Cautionary Note for Employers – Victimisation

Sun, 15 Sep 2013

By Helen Barney

Helen Barney looks at the recent case of Woodhouse v West North West Homes Ltd 2013 UKEAT 0007_12_0506

The recent unreported decision of the EAT in Woodhouse v West North West Homes Ltd 2013 UKEAT 0007_12_0506 is likely to limit the extent to which employers can draw a parallel with the case of Martin v Devonshire Solicitors [2011] ICR 352 when dealing with serial complainants/litigants on a proscribed ground.

Facts

The Appellant had pursued some ten grievances and submitted nine Tribunal applications over a period of five years of employment, complaining of direct discrimination, harassment and victimisation.  The Respondent dismissed the Appellant on grounds that the relationship had “irretrievably broken down and trust and confidence no longer exists between the parties.”

The Tribunal found in favour of the Appellant in respect of his first grievance and noted a degree of substance to his second.  Grievances 3-10 were rejected by the Tribunal and described as "ill-founded grievances … substantially without any evidential basis", "unfounded grievances" and "objectively demonstrated to be false". The Tribunal concluded that the decision to suspend and dismiss the Appellant was not tainted by victimisation. 

The Tribunal found inter alia “that a comparable employee, who had evinced similar profound and long-standing lack of faith by submitting similarly ill-founded grievances, but without any racial connotation, would have been similarly treated.”

Appeal

Two principal areas of legal significance arise from the EAT’s Judgment:

1)            Confirmation that under the Equality Act 2010 section 27 there is no longer a requirement, as there was under previous equality legislation, for a Claimant to show that his or her treatment was less favourable than that which would have been afforded to a comparator. The test is simply now one of detriment and ”because of” a protected act. The Tribunal had erred in adopting a comparative approach.

2)            The findings of fact detailed above in respect of the Claimant’s grievances were not capable of amounting to “genuinely separable features” from the making of the complaint itself.  Accordingly, the EAT substituted a finding that the Appellant had been victimised by his suspension and dismissal. Judge Hand Q.C. added the following note of caution to the Judgment in Martin as follows:

“In our judgment, Martin cannot be regarded as some sort of template into which the facts of cases of alleged victimisation can be fitted. There are no doubt exceptional cases where protected acts have not caused the dismissal or whatever other detriment is at issue. Martin is an example of such an exceptional case. But we emphasise the word exceptional; very few cases will have grievances based on paranoid delusions about events that never happened. It seems to us the process of measuring cases against such a yardstick is a dangerous one. One person's conviction that they have been discriminated against is very likely to generate the polar opposite, i.e. that the complainant is irrational, in the person or organisation complained about.
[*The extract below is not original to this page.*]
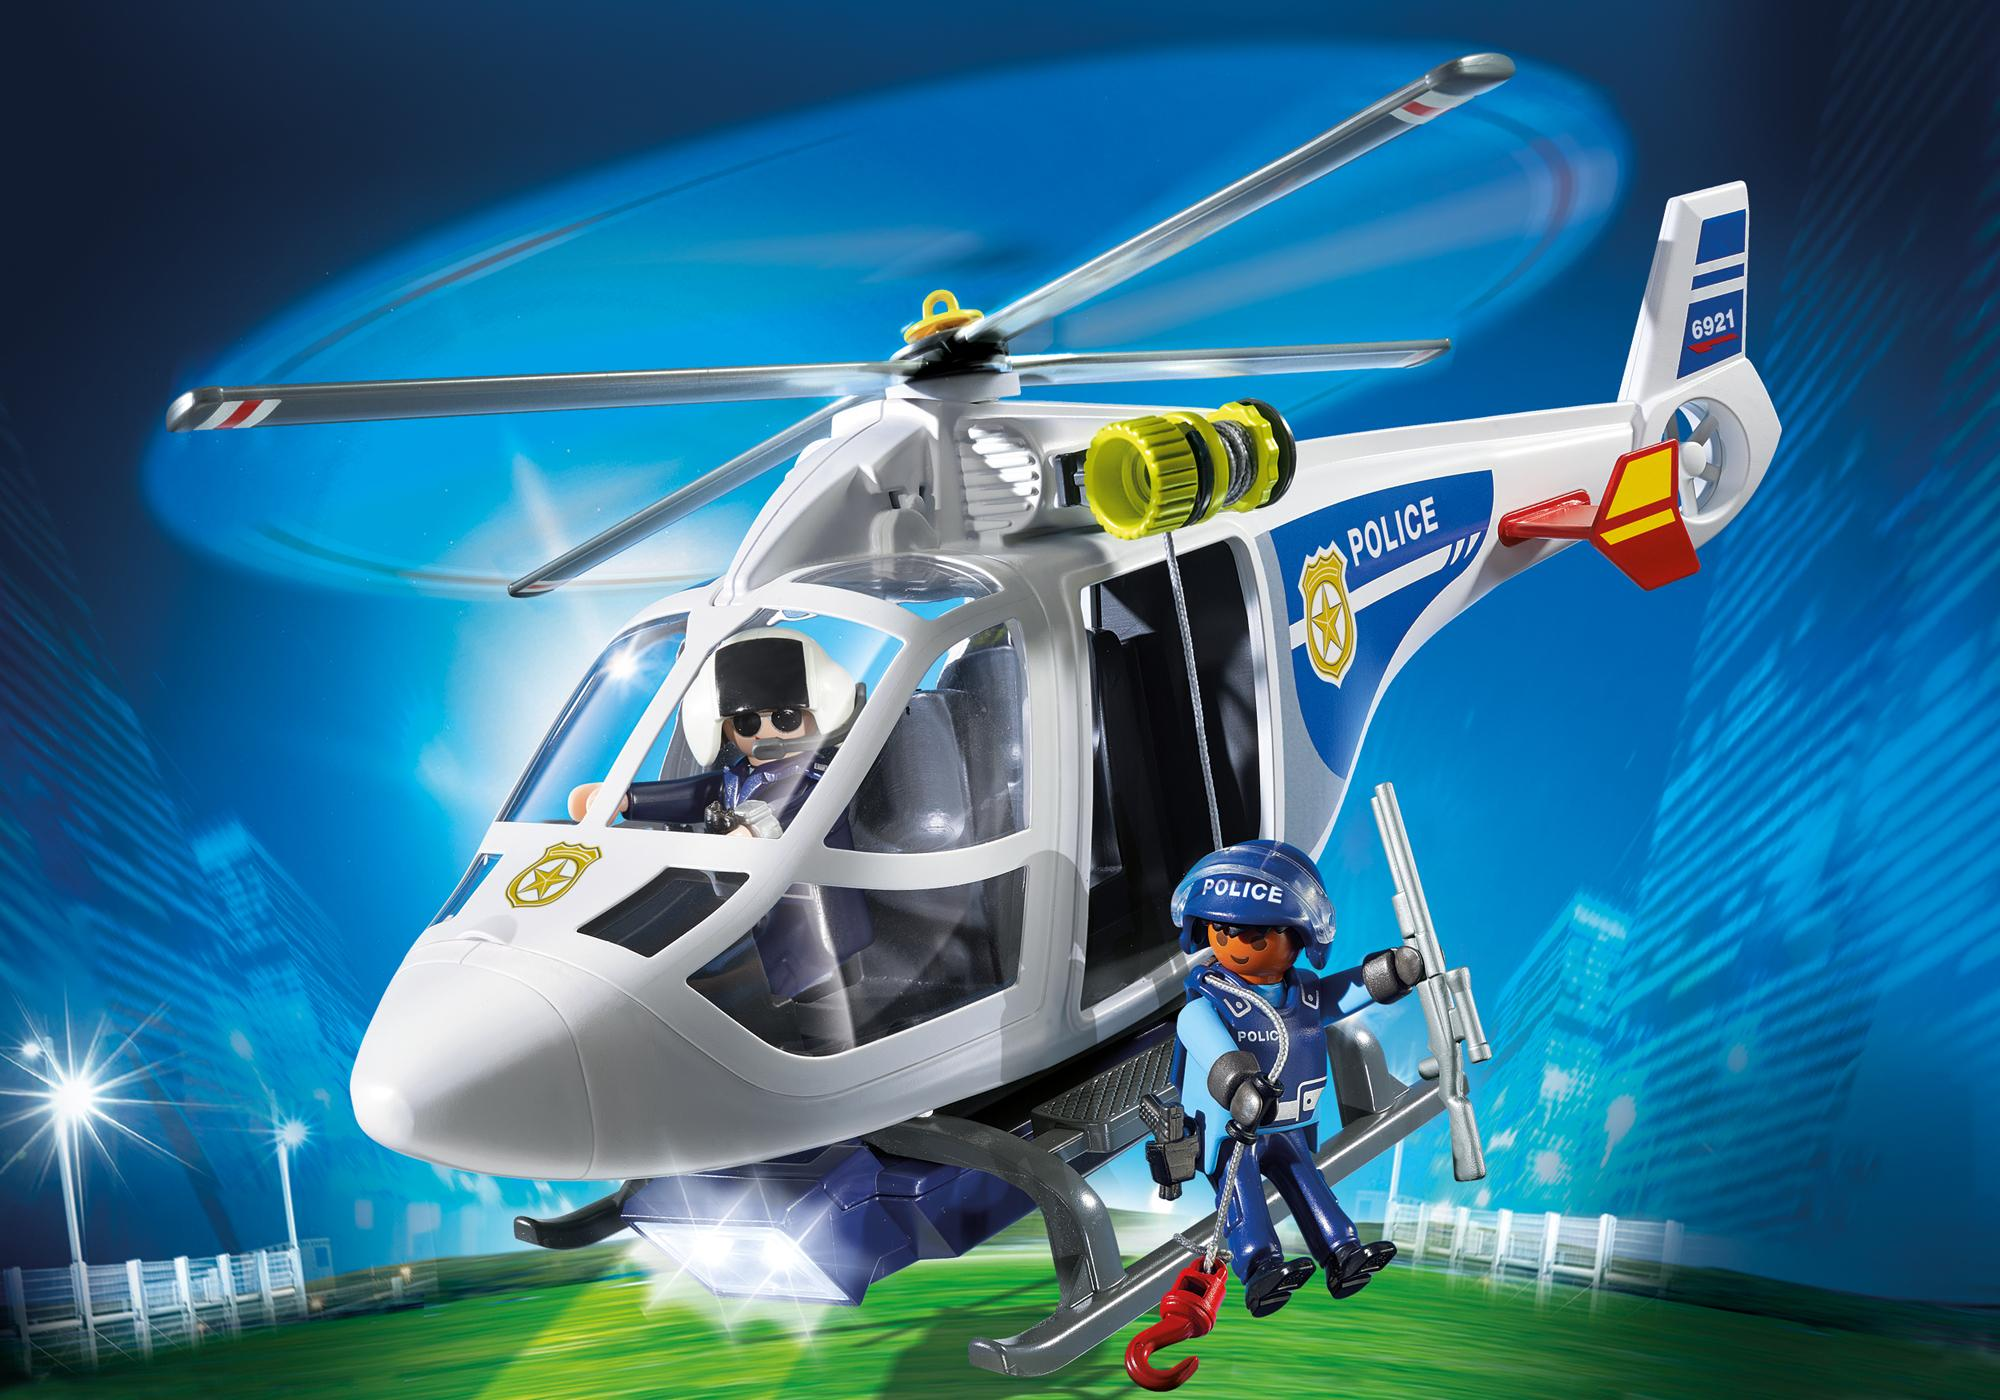 http://media.playmobil.com/i/playmobil/6921_product_detail/Politiehelikopter met LED-zoeklicht
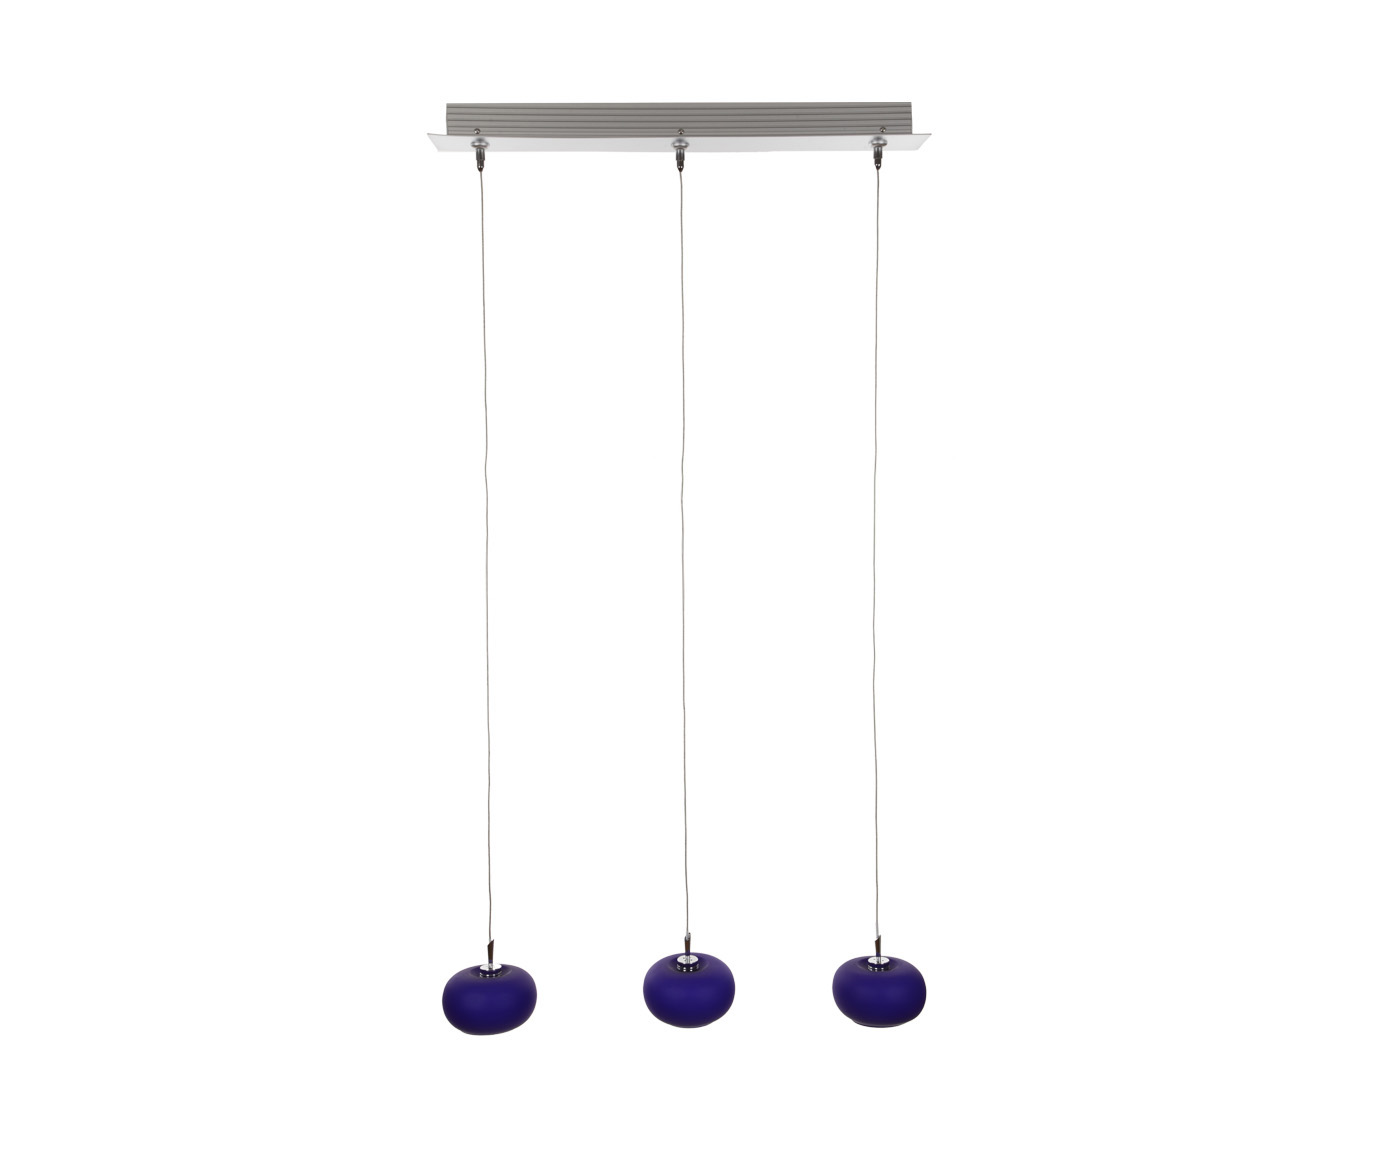 цена {} CRYSTAL LIGHT Светильник потолочный Lilyum Цвет: Синий (10х63х180 см) онлайн в 2017 году

Experience of this type of litigation teaches that grievances multiply and so the fact that here are a series of them is not unusual. It is a slippery slope towards neutering the concept of victimisation if the irrationality and multiplicity of grievances can lead, as a matter of routine, to the case being placed outside the scope of section 27 of the EA. All the more so when the origin of the problem is established, as here, to have been a real, as opposed to imaginary, race discrimination.”

Comment

Certainly at first tier level Tribunals had, in my experience, been receptive to the Martin distinction when addressing the thorny issue of what an employer can do when faced with serial, time-consuming and wholly unjustified complaints of discrimination. However, such empathy is likely to shift in view of Judge Hand Q.C’s firm steer.

Not all is lost for employers faced with such a difficult situation.  At paragraph 98 of the Judgment Judge Hand Q.C. recognises that conduct/behaviour might be one genuinely separable feature from the making of the complaint itself.  Examples where conduct in bringing the complaint has been upheld as not amounting to victimisation can be found in the cases of HM Prison Service v Ibimidun [2008] IRLR 940 (dismissal of an employee not related to the bringing of his race discrimination claim, but to the way in which that claim was pursued, to include unreasonable allegations designed to harass the employer into settlement) and Re York Truck Equipment EAT/109/88.

Some, albeit small, comfort can also be gleaned from section 27(3) of the Equality Act 2010 that disapplies victimisation in cases of “false evidence or information or making a false accusation…made in bad faith”.